**What you should do:**
Please copy the lines below, exactly as they are, from the one with "Induction Training" through the one with "Kinder-Skikurs ab 15 Jahren für Anfänger.", and leave out the pictures.

**Data to examine:**
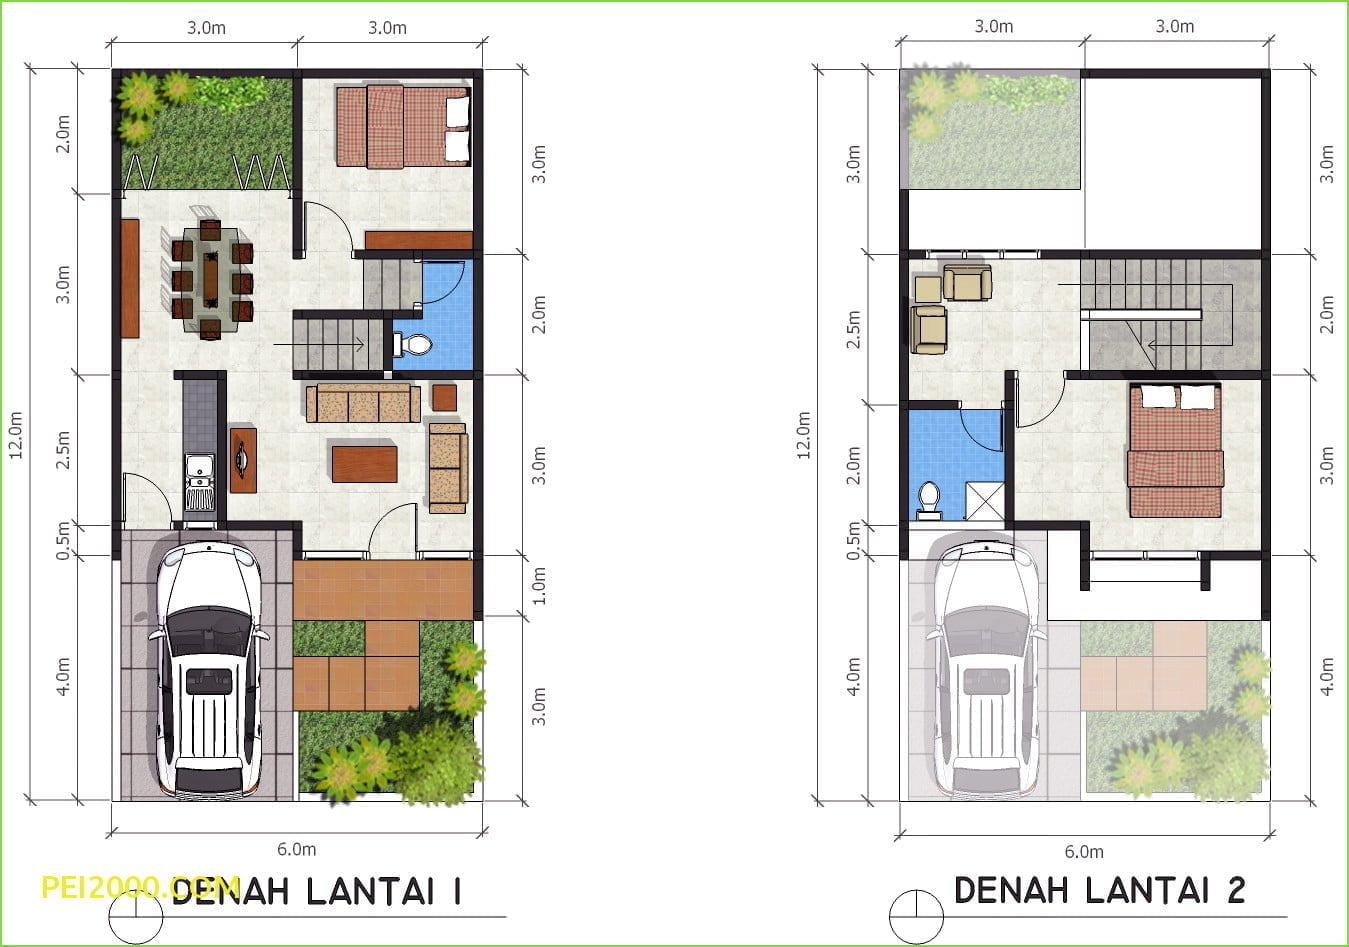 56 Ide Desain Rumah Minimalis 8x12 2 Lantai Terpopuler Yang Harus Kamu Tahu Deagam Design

---

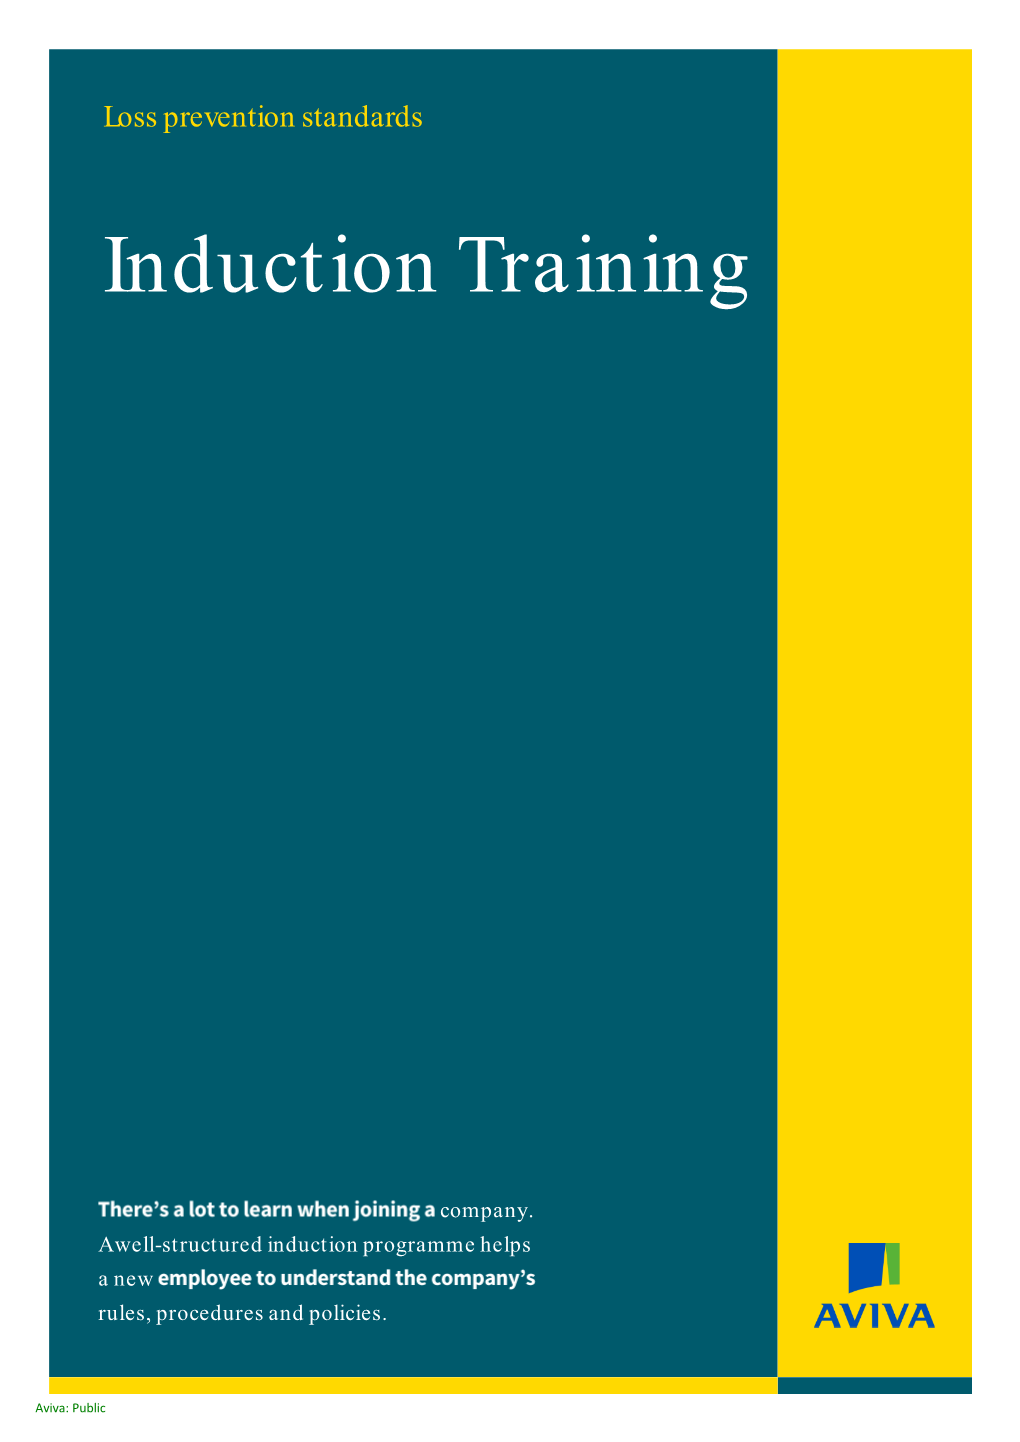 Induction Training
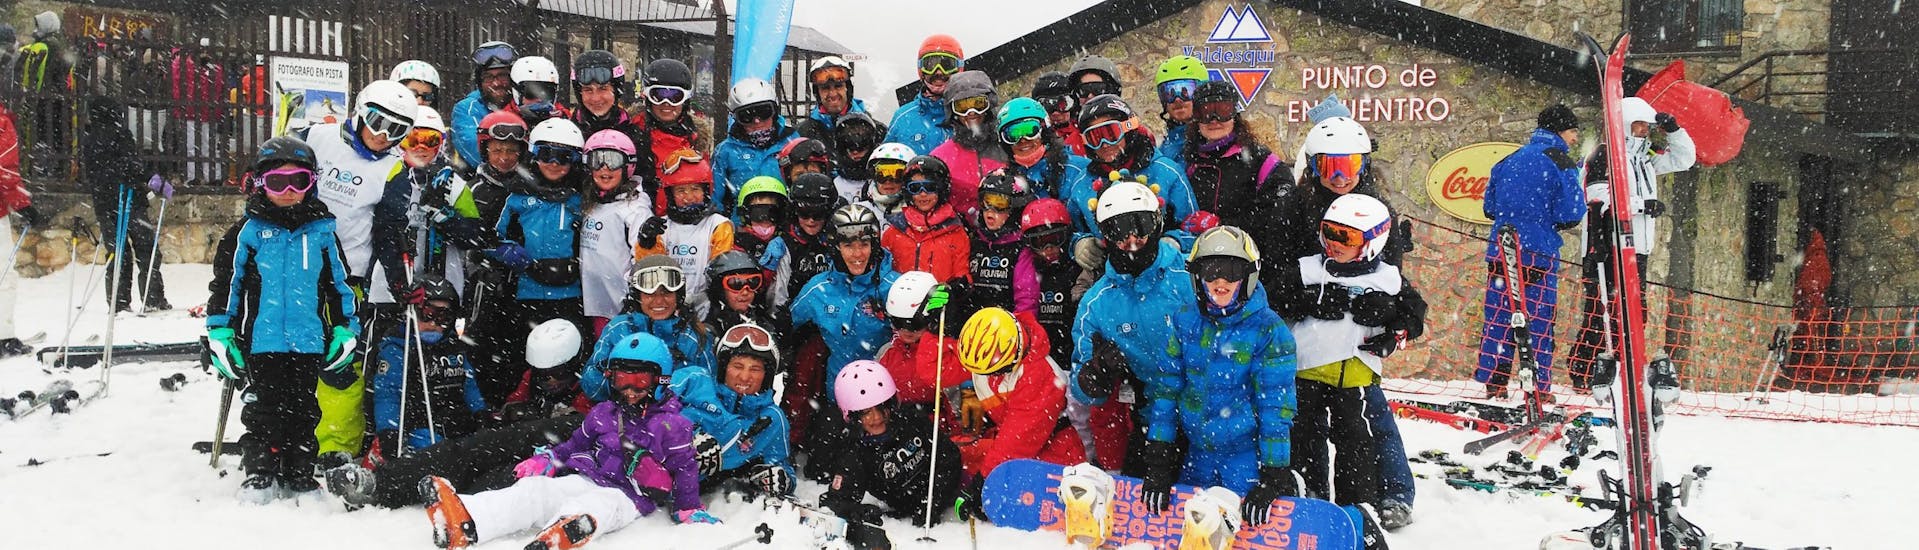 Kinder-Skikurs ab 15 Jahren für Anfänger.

...

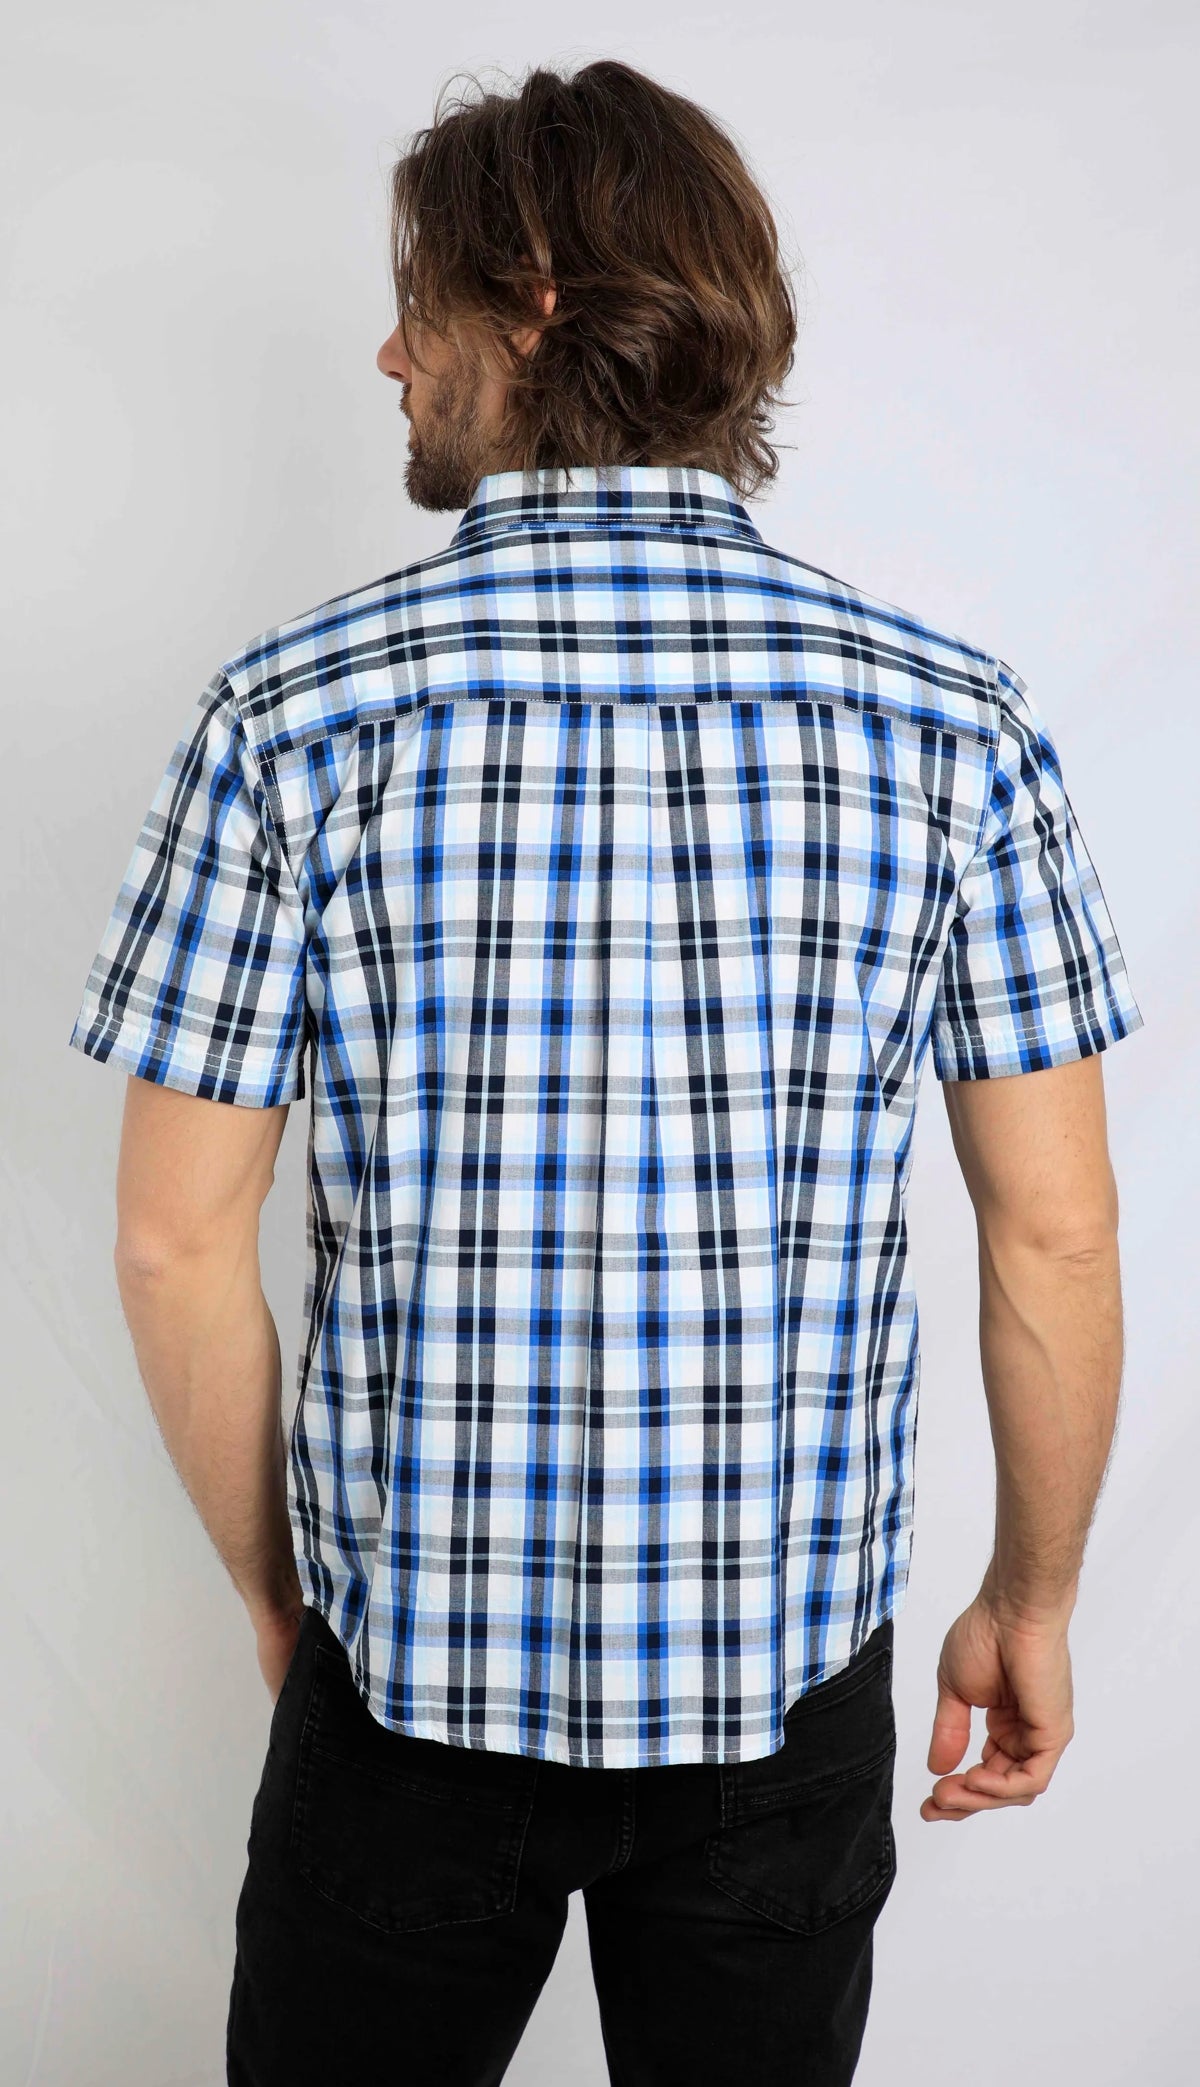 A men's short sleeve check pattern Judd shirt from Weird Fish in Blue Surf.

**Reply:**
 Induction Training
 Kinder-Skikurs ab 15 Jahren für Anfänger.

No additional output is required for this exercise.